L’état : réalisation rationnelle soucieuse du bien général

  • L’État moderne est conçu (dès le xvie siècle en Europe) comme indépendant du pouvoir religieux. Les théoriciens du contrat social admettent que c’est à la suite d’un accord conventionnel entre les citoyens que l’État est doté d’autorité. En renonçant (comme l’affirment Locke, Hobbes ou Rousseau) à leur indépendance initiale, les hommes choisissent un type d’organisation qui leur garantit la paix civile, la sécurité et la liberté définies par les lois.
  • L’« État de droit » se situe dans la continuité de telles conceptions, aboutissant à comprendre l’État comme une réalisation rationnelle, bénéfique pour tous ceux qui en font partie, et soucieuse du bien général. Pour Hegel, l’État est ainsi « le rationnel en soi et pour soi », parce que la liberté y trouve sa valeur suprême : le « plus haut devoir » de l’individu est en conséquence d’être membre de l’État, qui importe dans le réel l’« Idée morale objective ».

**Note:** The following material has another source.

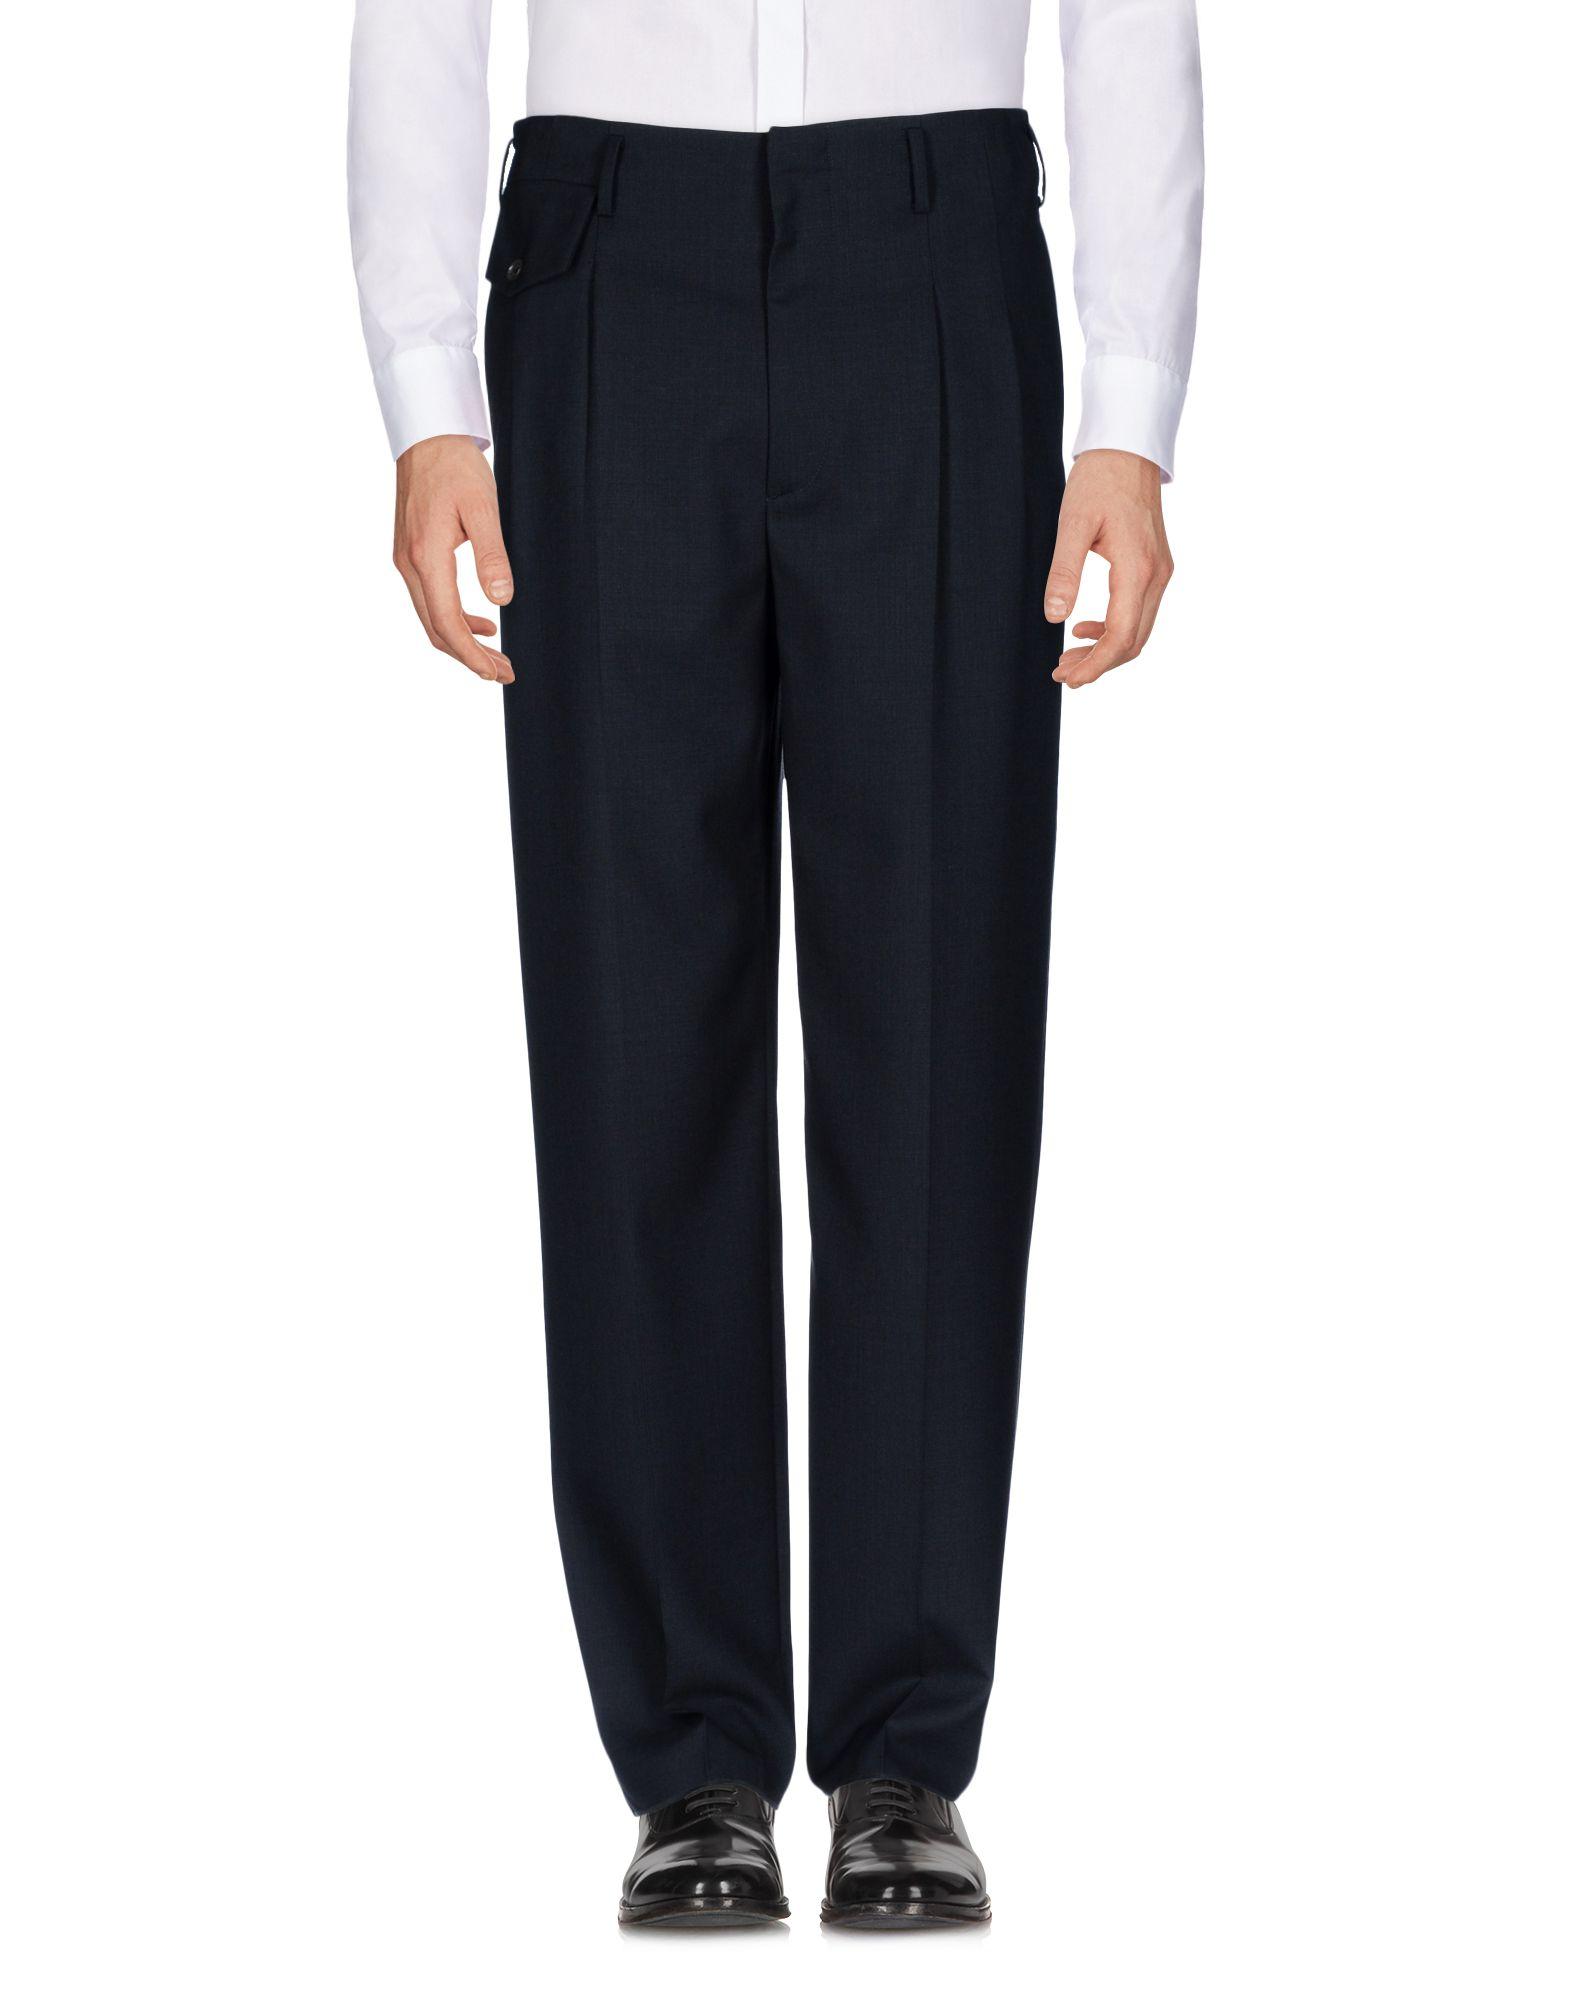 Pantalone Golden Goose Deluxe Brand Donna - Acquista online su
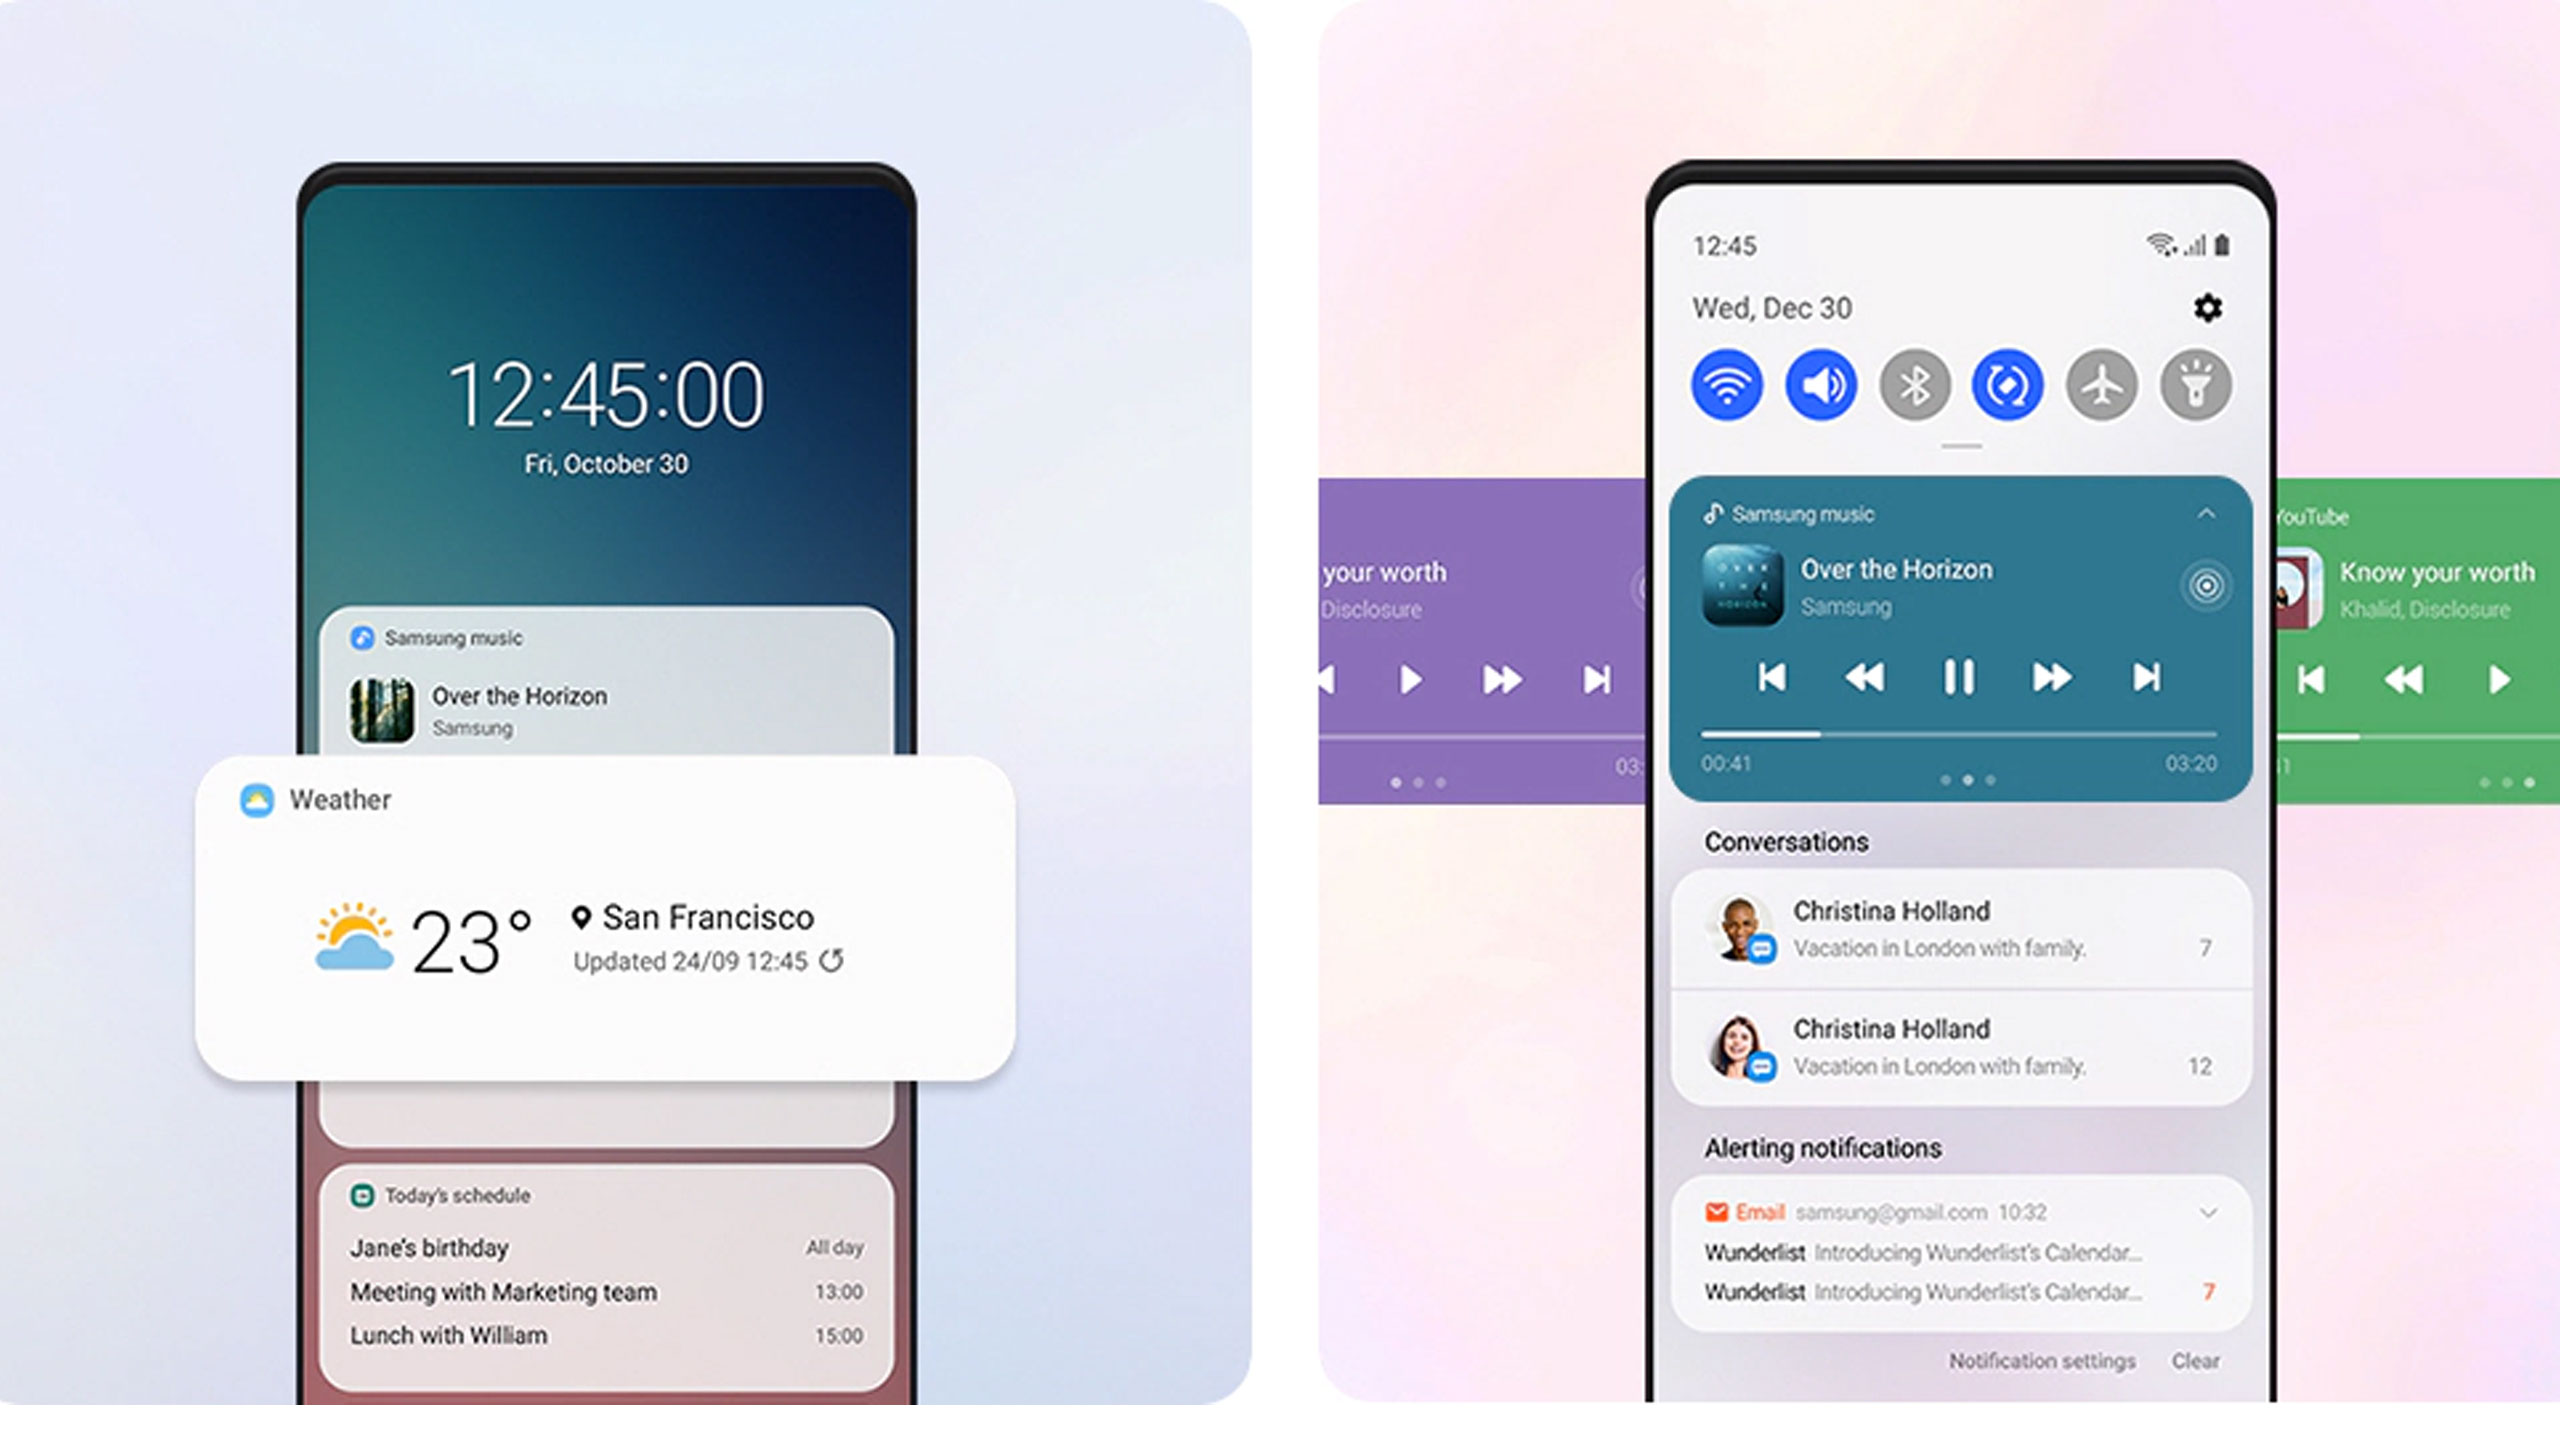 Samsung OneUI 3.0

Un état cosmopolite instaurerait la paix universelle

L’État suppose que chacun dépasse ses intérêts personnels nécessairement divergents pour se préoccuper d’un intérêt général qui constitue au moins une esquisse d’universalité. C’est pourquoi, au-delà des conflits possibles entre les États, l’histoire serait orientée, affirme Kant, vers la constitution d’un État cosmopolite assurant la paix universelle. De cette unification finale de l’humanité, des organismes comme la Société des Nations, l’ONU, ou les tribunaux internationaux ne sont encore que des manifestations imparfaites.

3 Contestations de l’État

Justification des contraintes

  • En fondant des droits, l’État impose des devoirs, que le citoyen n’accepte pas toujours avec plaisir (personne n’aime payer ses impôts). Le « bon » État est alors celui qui parvient à équilibrer de façon satisfaisante avantages et contraintes. Il est surtout celui qui fait comprendre que les premiers sont l’envers des secondes.
  • L’insistance sur le caractère rationnel de l’État n’efface pas son caractère contraignant : elle affirme plutôt que la contrainte de la loi, pourvu qu’elle formule ce que Rousseau nomme la « volonté générale », est librement acceptée par un citoyen de plus en plus moral.
  • D’autres théoriciens considèrent au contraire que l’État n’est qu’une machine inégalitaire ou susceptible de broyer l’individu.

Des sociétés sans état ?

  • Du point de vue de Marx, l’idée même d’universalité reflète l’idéologie bourgeoise. Dans cette optique, l’État ne représente que les intérêts de la classe dominante, et non l’intérêt de tous. C’est pourquoi ce dernier ne pourra émerger qu’au terme de processus révolutionnaires supprimant les classes sociales et entamant un dépérissement de l’État : il devient superflu dès lors que tout homme est capable de penser en priorité à la collectivité, et non plus à ses intérêts égoïstes. L’État « socialiste » serait ainsi le dernier, assurant la transition vers un « homme communiste » entièrement nouveau.
  • Pour les anarchistes (de Stirner à Bakounine ou Proudhon), l’État représente une structure qui opprime la liberté créatrice des individus. Il n’est alors pas question de le transformer en espérant son extinction finale. Il faut lui substituer des types d’associations plus modestes, susceptibles de se fédérer, mais sans jamais atteindre les dimensions ou le pouvoir d’un « monstre froid ».